Task prompt:
An exact copy of all the data is required, with pictures left out.
##### Available data #####
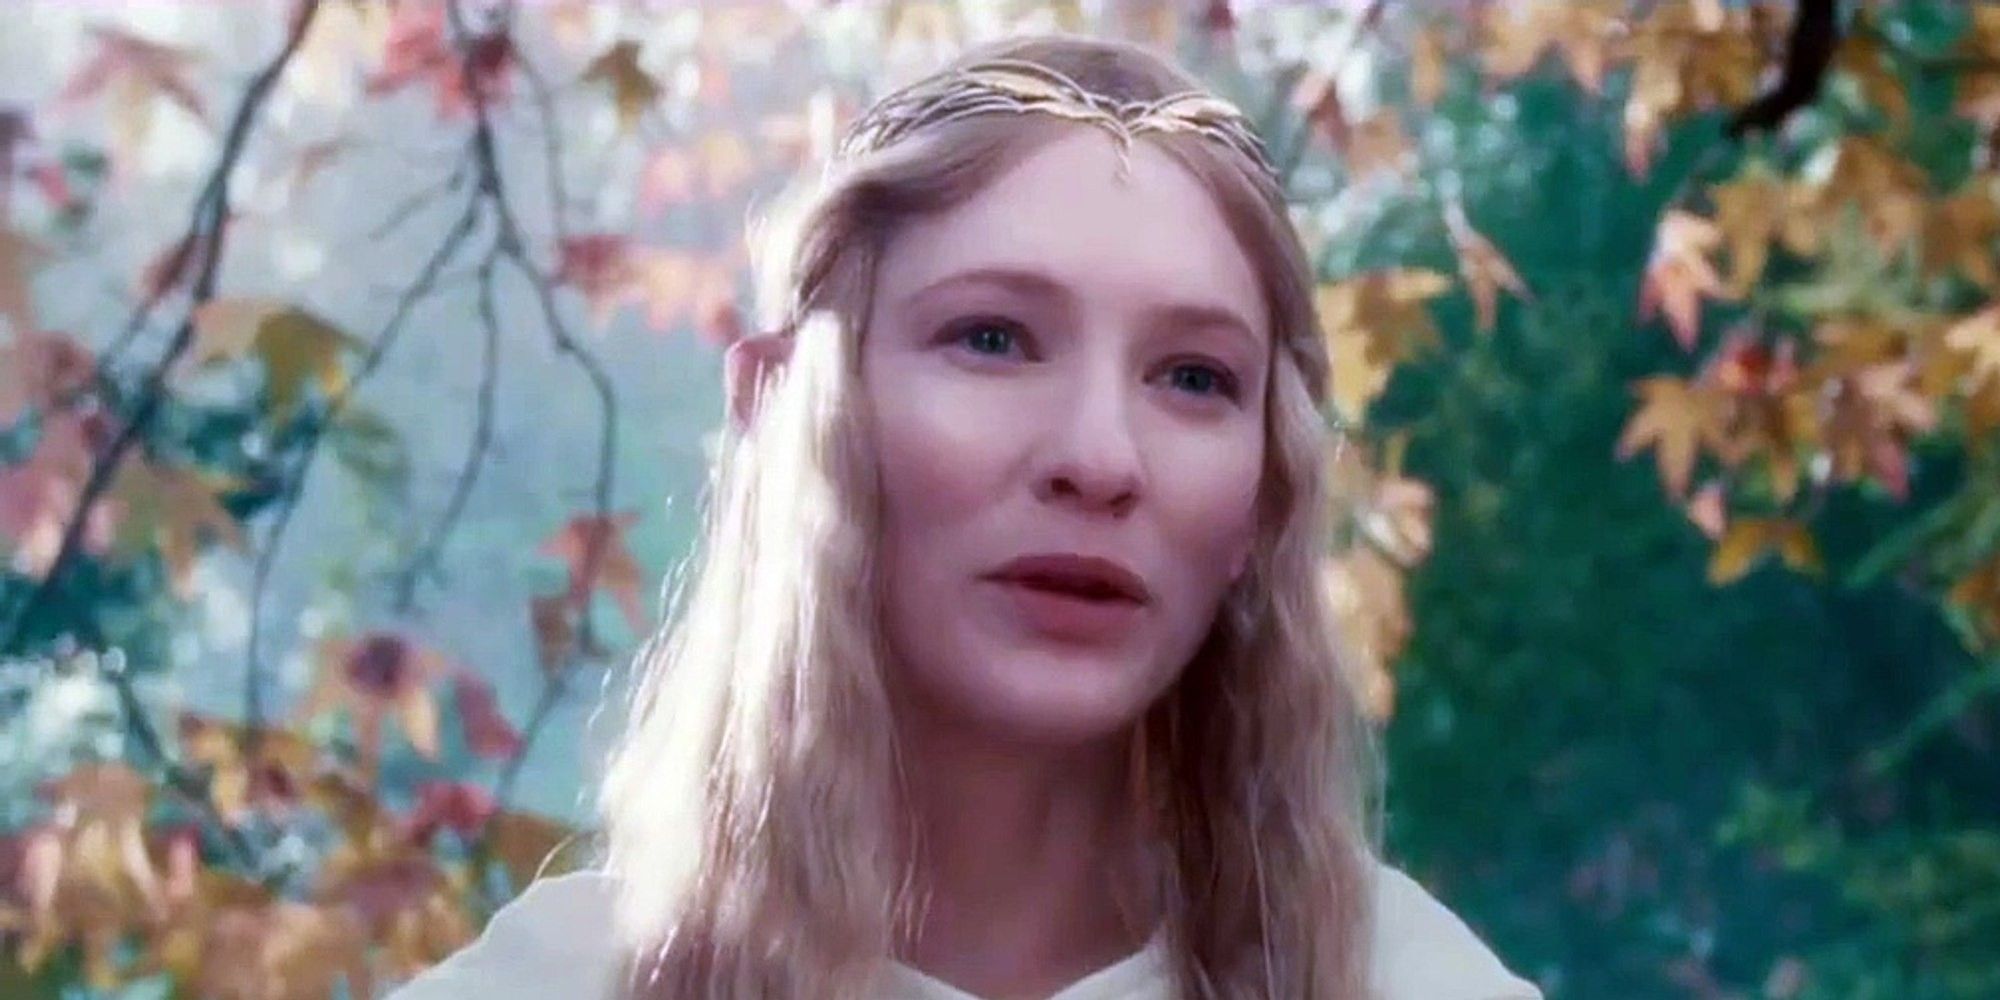 Cate Blanchett as Galadriel in Lord of the Rings Fellowship of the Ring.
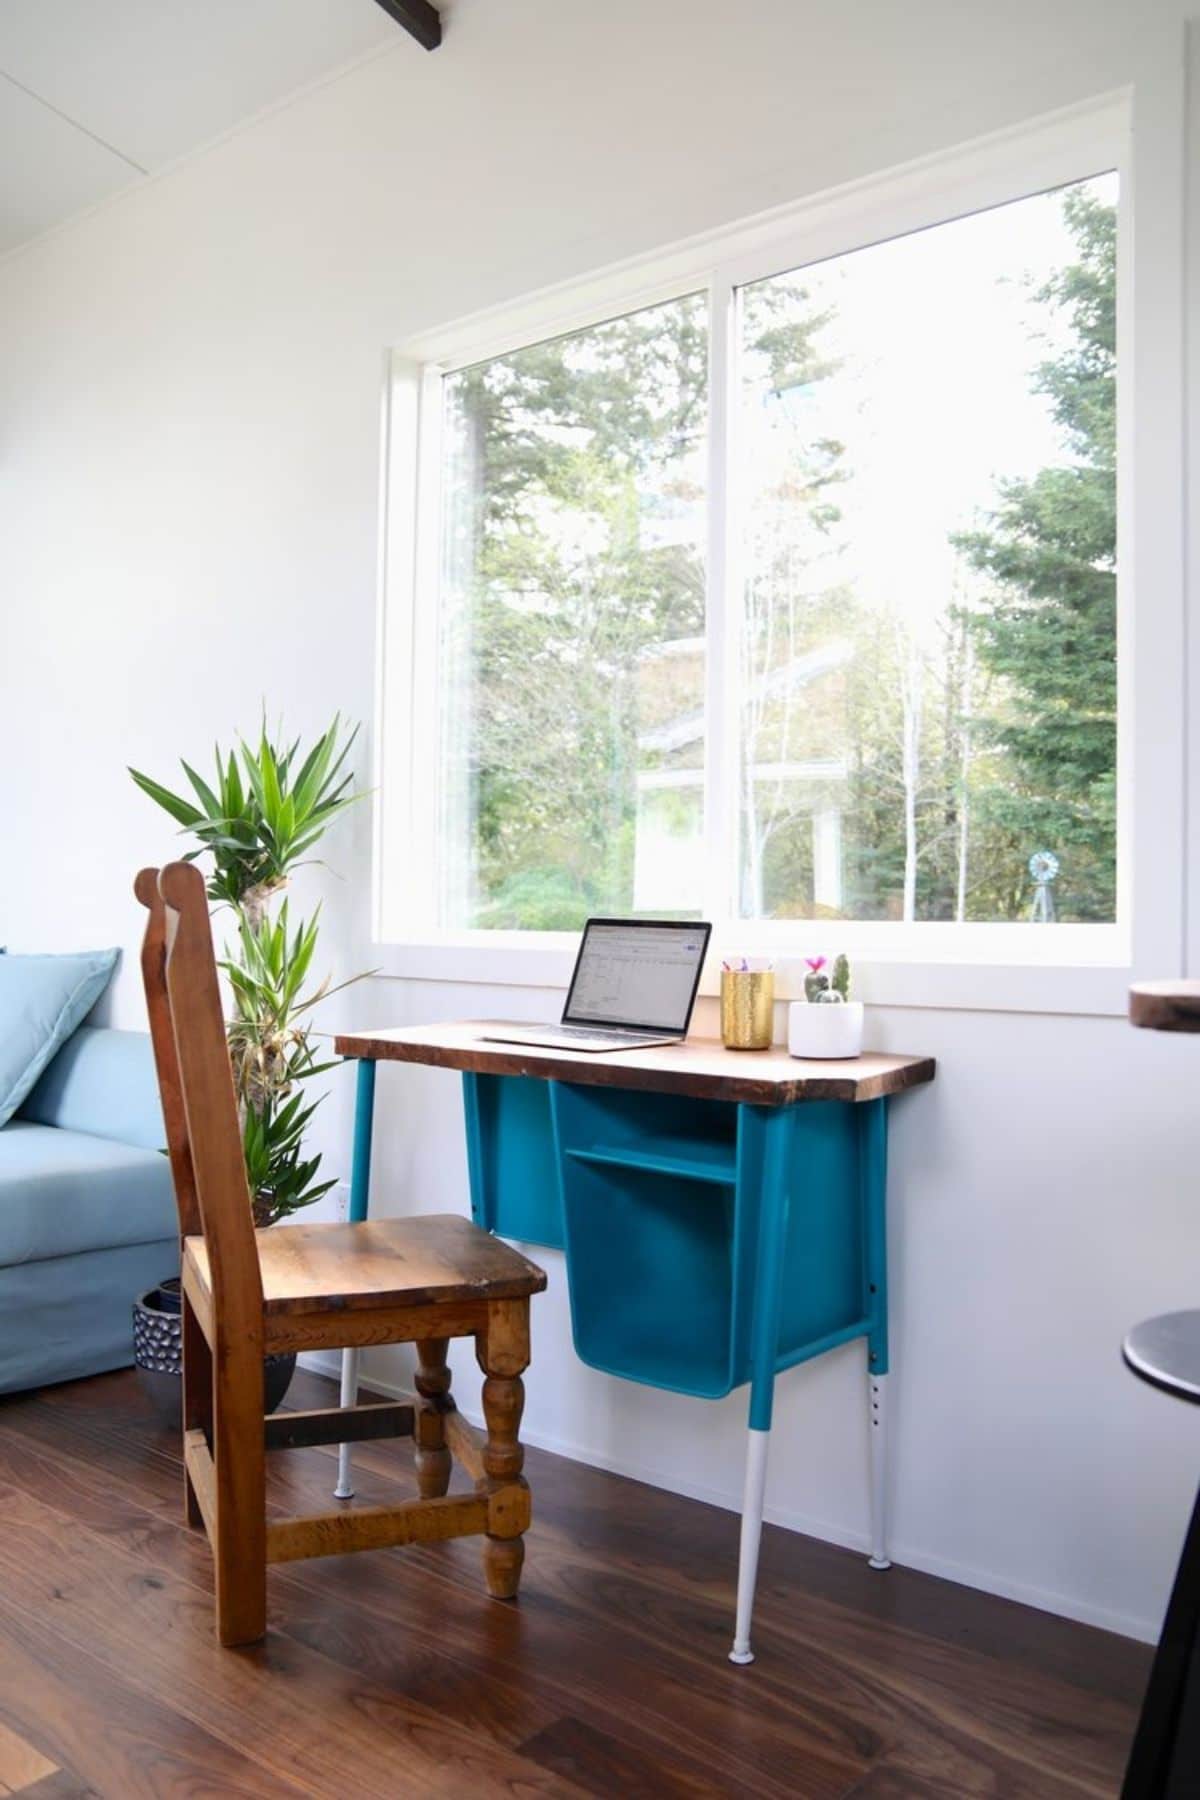 Teal writing desk with wooden chair below large picture window in white wall
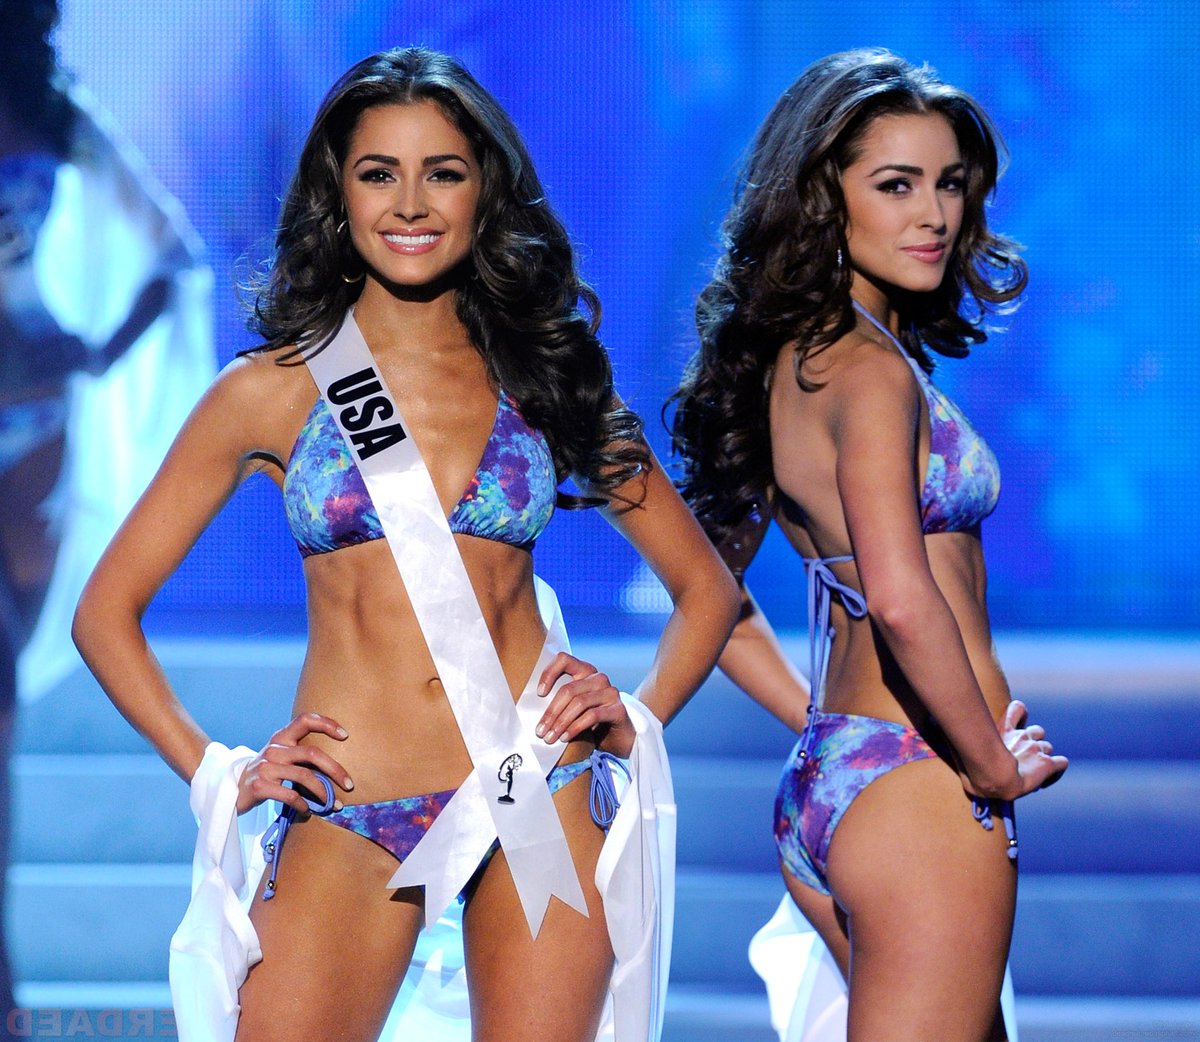 Olivia Culpo Competes in The Miss Universe Pageant - December 19, 2012

Full size here: https://t.co/d9O6BUGhkg https://t.co/tywdUOIj4q
#####
Answer area:
 Cate Blanchett as Galadriel in Lord of the Rings Fellowship of the Ring.
 Teal writing desk with wooden chair below large picture window in white wall
 Olivia Culpo Competes in The Miss Universe Pageant - December 19, 2012

Full size here: https://t.co/d9O6BUGhkg https://t.co/tywdUOIj4q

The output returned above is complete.